Thank you for your interest in the Certified in Data Science ™ certification.
IPMC ™ AAPM Global Board of Standards issues the Certified in Data Science ™ Online Certification
Study method: Self-paced learning style with the aid of a Guide book, this book may not be provided for some courses. If a guide book is not available, you may need to browse through videos available on YouTube if necessary however individual with sufficient experience while performing his/her role as a network engineer will not face difficulty in taking the exam.
Requirements: i) Diploma / Degree ii) 3+ years experience in data analytics iii) Pass the CDS examination
To qualify for the Certified in Data Science ™certification, you need to complete the following steps:
- Complete the Mandatory Candidate Information (MCI)
- Complete the payment upon receipt of the invoice
- Take the examination when you’re ready
Examination: email to request the password to the examination questions when you are ready to take the exam. Although you can take the exam at anytime we encourage you to complete the exam within 10 days from the date you have successfully registered in this course. The examination comprised of 50 questions; Passing grade is 70%. You will be notified should you fail in the exam and a second attempt will be given at no additional charge.
Course fee: Includes Certified in Data Science certificate, membership certificate, examination fee, and shipping.
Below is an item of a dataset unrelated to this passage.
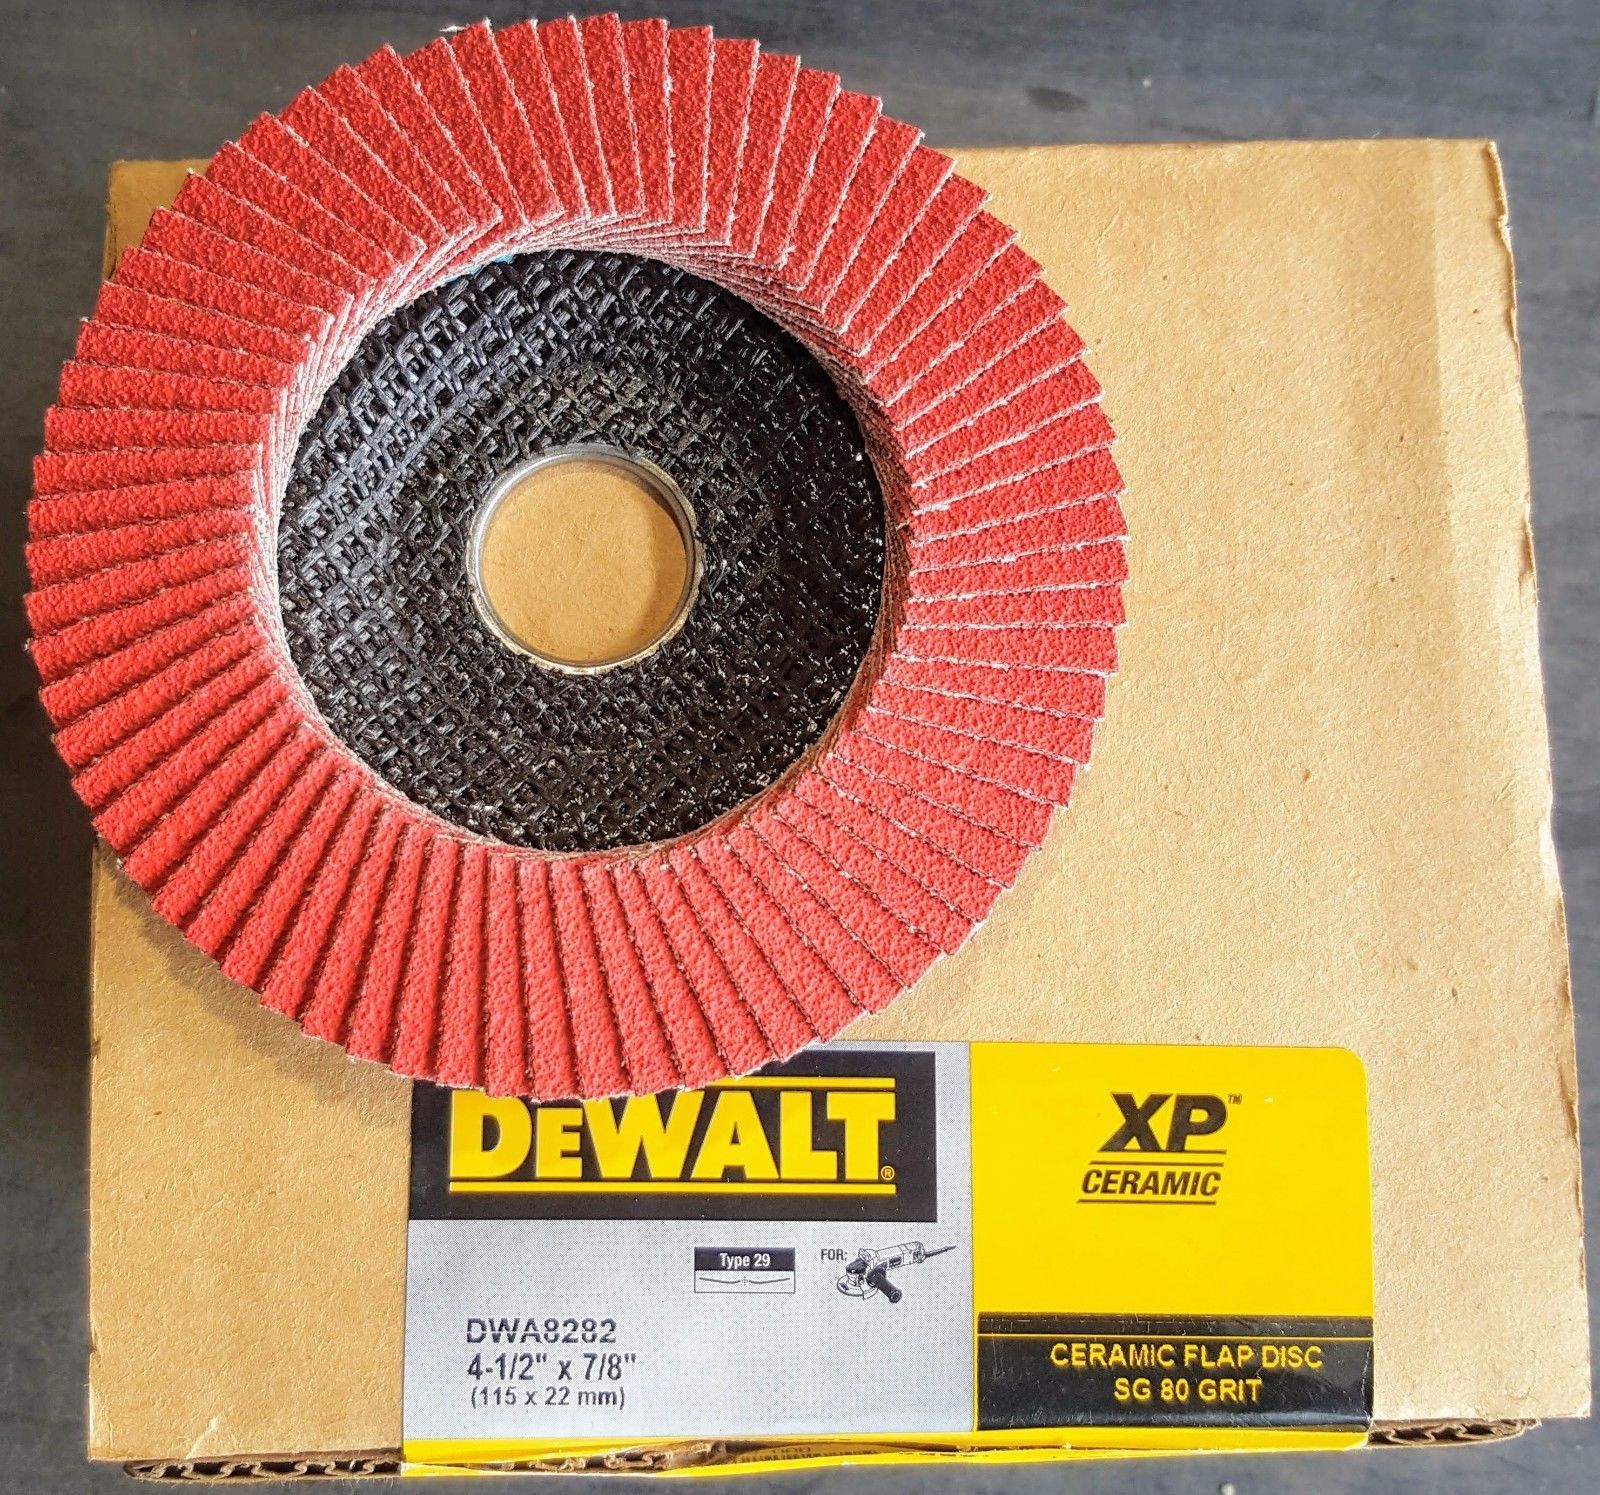 Dewalt DWA8282 4-1/2" x 7/8" 80Grit T29 XP Ceramic Flap Discs 10 Pack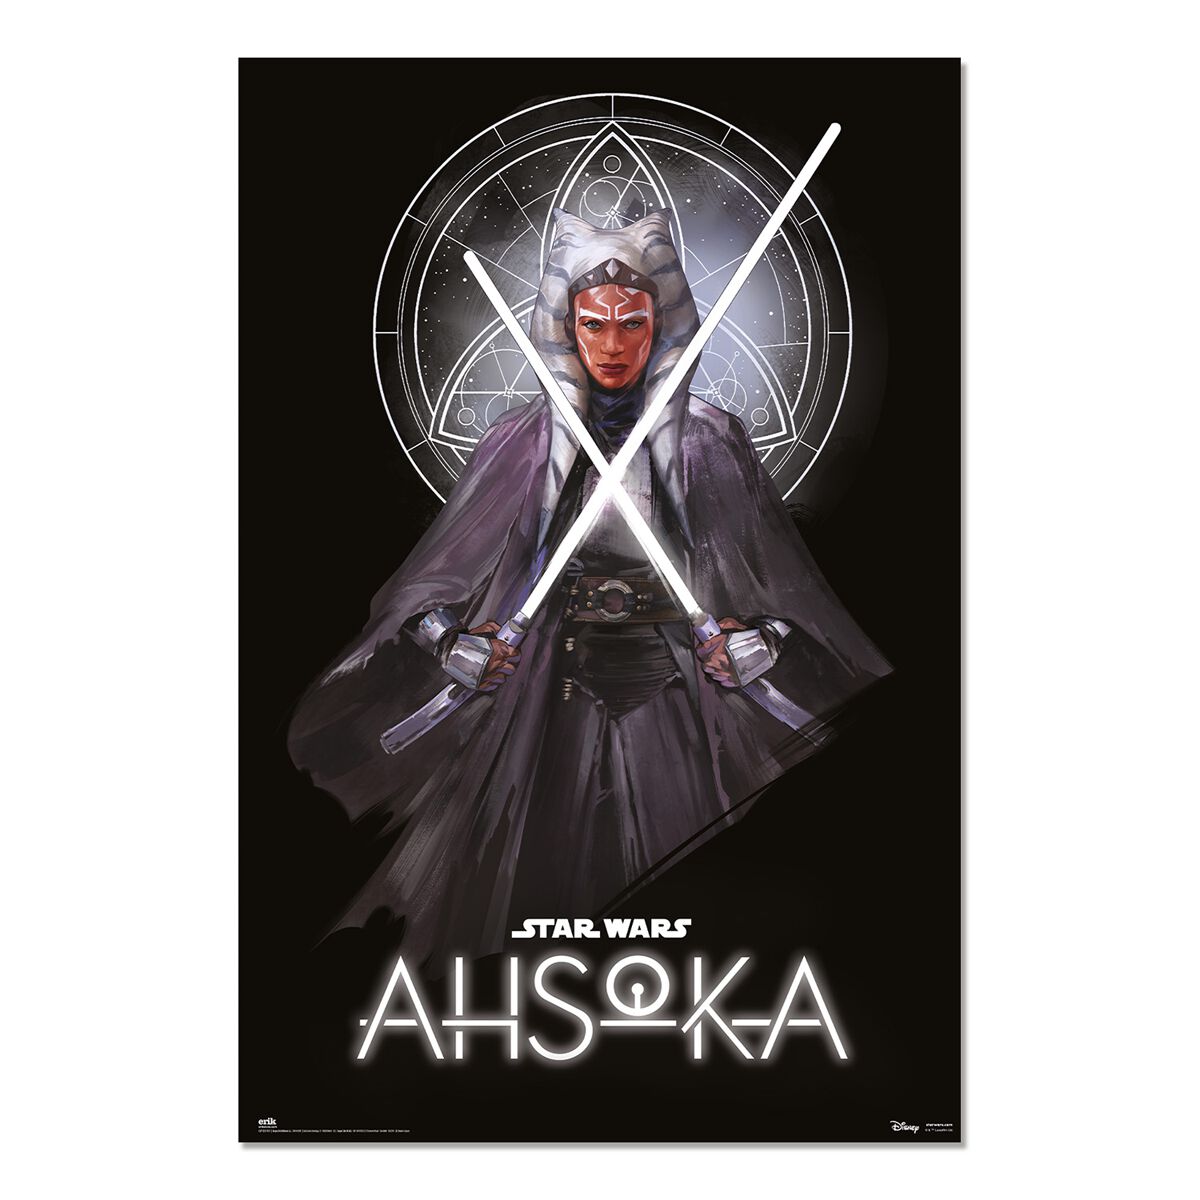 Star Wars - Ahsoka - Ahsoka Tano Lightsabers - Poster - multicolor

Mandatory Candidate Information : please include the Title of the Certification Course that you wish to apply in the subject line when submitting the following information and attach a latest copy of your C.V. email to email@example.com
1) Full Name:
2) Shipping Address: Country , Address Line 1, Address Line 2, City, State / Capital, Zip code
3) Name on Certificate: (indicate the name that you wish to print on the certificate, name will be printed as per the letter case indicated here)
4) Mobile number:
The AAPM AMERICAN ACADEMY OF PROJECT MANAGEMENT ® GAFM/IBS International Board of Standards is the first graduate global Board of Standards for project management industry professionals to earn Accreditation under the TUV-OE European Standards for ISO 9001 Certification and ISO 29990 Certification. AAPM is also a chartered member of the CHEA Council for Higher Education Accreditation – International Quality Group (CHEA/CIQG) Memorandum of Affiliation is designed to engage quality assurance and accrediting organizations in a shared effort to affirm and promote fundamental principles for higher education quality.with
BENEFITS OF CERTIFICATION FOR DATA SCIENTIST
- Developing Big Data Management and Leadership through the promotion of specialty certification as a vehicle for post-licensure professional development.
- Advancing Technology through the development of specialized body of knowledge for utilization during the certification process.
- Advocating Lifelong Learning through the requirement of on-going professional development in the re-certification process after achieving licensure and professional experience.
- Promoting the Data Science profession through the provision of specialty certification as a broadly recognized, specialized credential in the practice of Big data management.
- Certification is an advanced qualification beyond licensure recognized by clients, employers, peers, societies, communities, and the public.
- Certification provides tangible evidence that an individual has excelled in their specialty field of data analytics.
- Certification demonstrates attainment of a body of knowledge within a specialty area of data analytics and commitment to stay current on new technological innovations.
- Certification demonstrates a strong commitment to professionalism through its ethics and continuing professional development requirements.
- Certification allows Data Scientist to maintain significant input into the advanced credentialing process.
- Certification provides clients with an assurance that they are engaging highly qualified and certified Data Scientist in their organization.
You need knowledge on Big data, data analysis and visualization, Python programming, Python for data science and Machine learning, ETL, data processing, supervised learning (classification), unsupervised learning (clustering), supervised learning (regression), model evaluation, applications of data science.